If it's true, it's only one side of the story. I have to wonder what he did to be detained in the first place. One respondent said Canadian authorities passed bad information to us. Arar doesn't mention this at all.

It's unfortunate that we'll never get the whole story.
 

moreluck

golden ticket member
I agree with 'over' on this being only 1 side of the story. If he looked like a duck and walked like a duck and talked like a duck, then we took him for a duck. There had to be some sort of red flag.

If a U.S. soldier was taken in Iraq, they wouldn't question him. They would behead him and shout, "Next!"

I'd like to hear the story from the "officials" whoever they are.
 

Overpaid Union Thug

Well-Known Member
So what if a few people get their feelings hurt? I wasn't aware that the United States was supposed to consider peoples' feelings when screening for terrorism. And if a few innocent people get detained then oh well. Better safe than sorry.
 

Slothrop

Well-Known Member
Just Google his name:
Maher Arar - Google Search
then make up your own mind.

big_arrow_up, I think more than feelings were hurt.

I can point to many more cases like this, even worse.

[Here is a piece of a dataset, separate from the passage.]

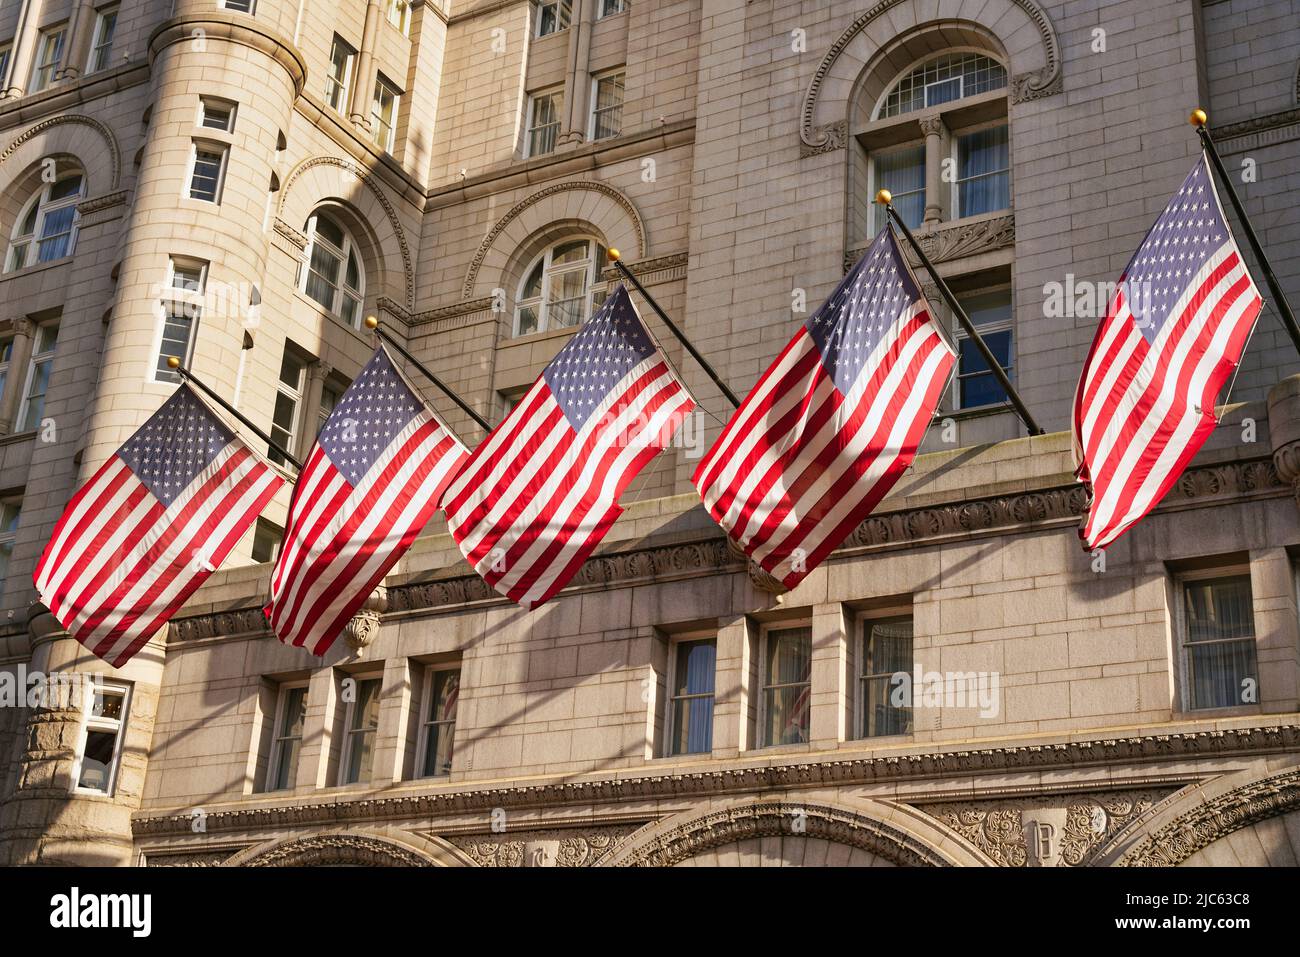 Bandiere STATUNITENSI sul vecchio edificio dell'ufficio postale di Washington, D.C., USA. Bandiere AMERICANE con stelle e strisce alla luce del sole. Foto Stock

moreluck, 10 of our soldiers were killed in Iraq today, can you tell me what they died for?
 

CTOTH

Not retired, just tired
So what if a few people get their feelings hurt? I wasn't aware that the United States was supposed to consider peoples' feelings when screening for terrorism. And if a few innocent people get detained then oh well. Better safe than sorry.

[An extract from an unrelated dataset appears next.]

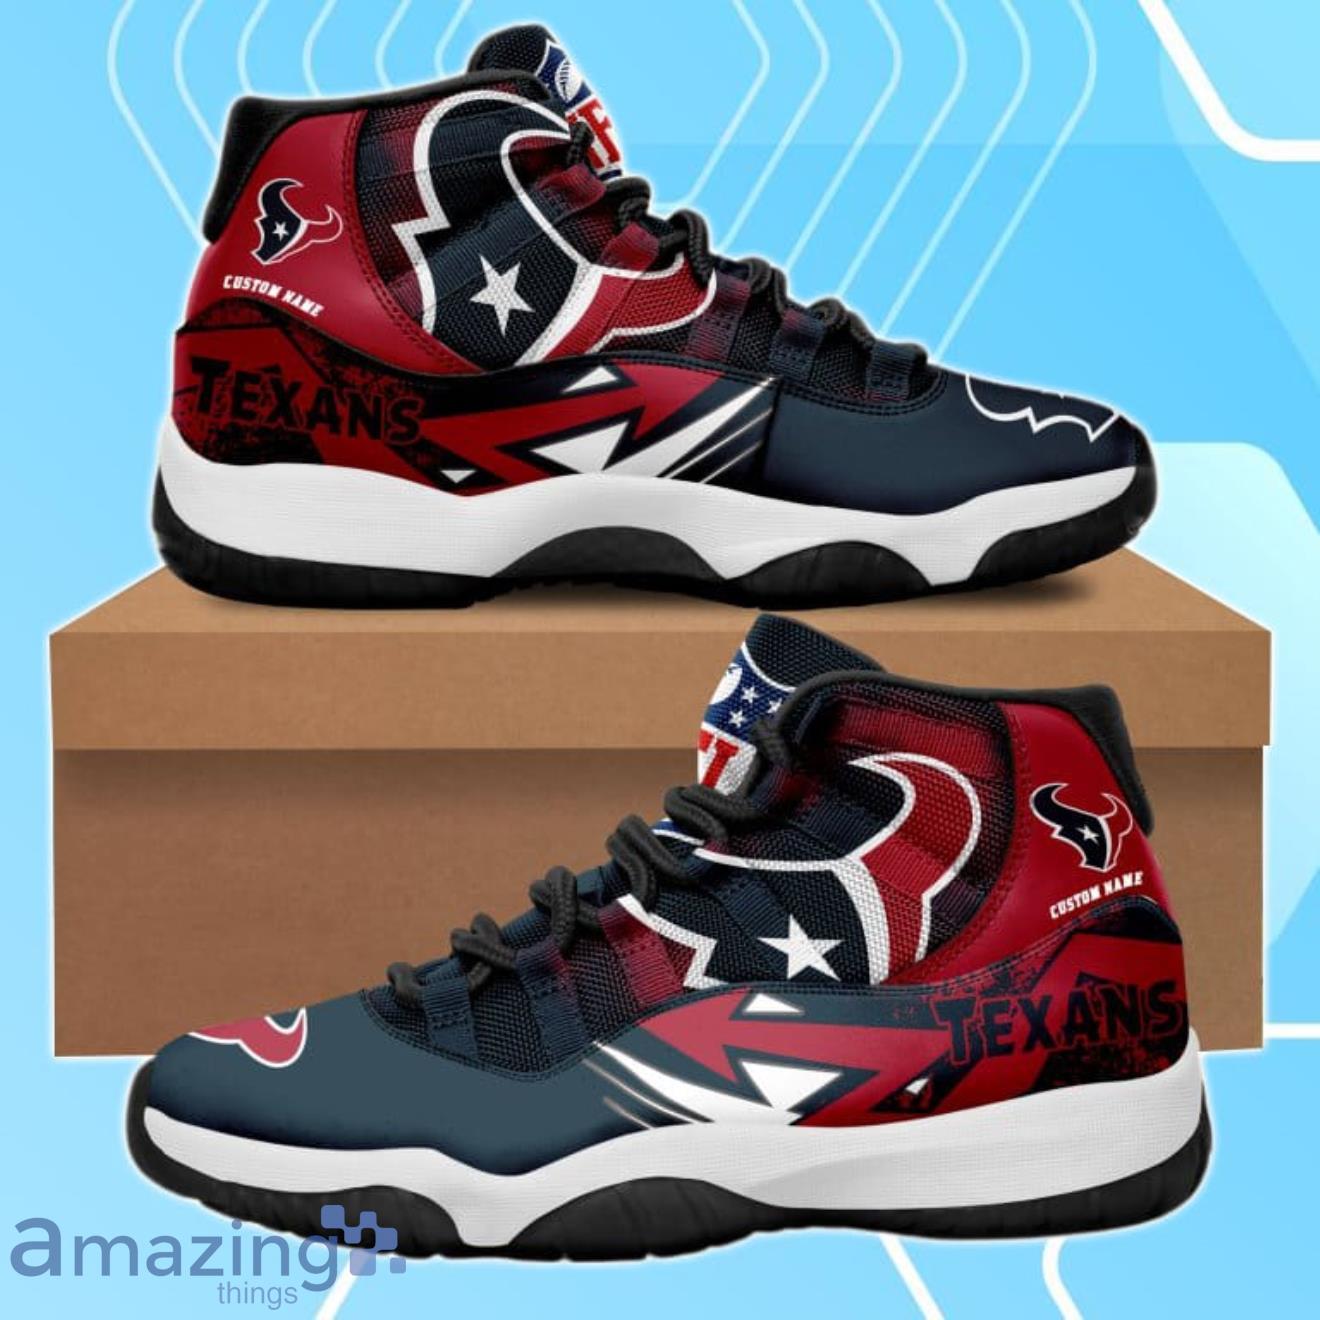 Custom Name Texas Longhorns Air Jordan 13 Sneaker Shoes - Banantees

I'd have to say you've lost sight of what it means to be American and the definition of freedom as outlined in the Constitution. It's not about people's feelings, it's about people's civil liberties.
If the executive branch continues to grant such authority in all these gray areas, we'll be no better off than a third world country lead by a dictator.

I've said it before and I'll say it again:
"He who is willing to sacrifice freedom for security, deserves neither freedom or security." - Benjamin Franklin
 

wkmac

Well-Known Member
If the executive branch continues to grant such authority in all these gray areas, we'll be no better off than a third world country lead by a dictator.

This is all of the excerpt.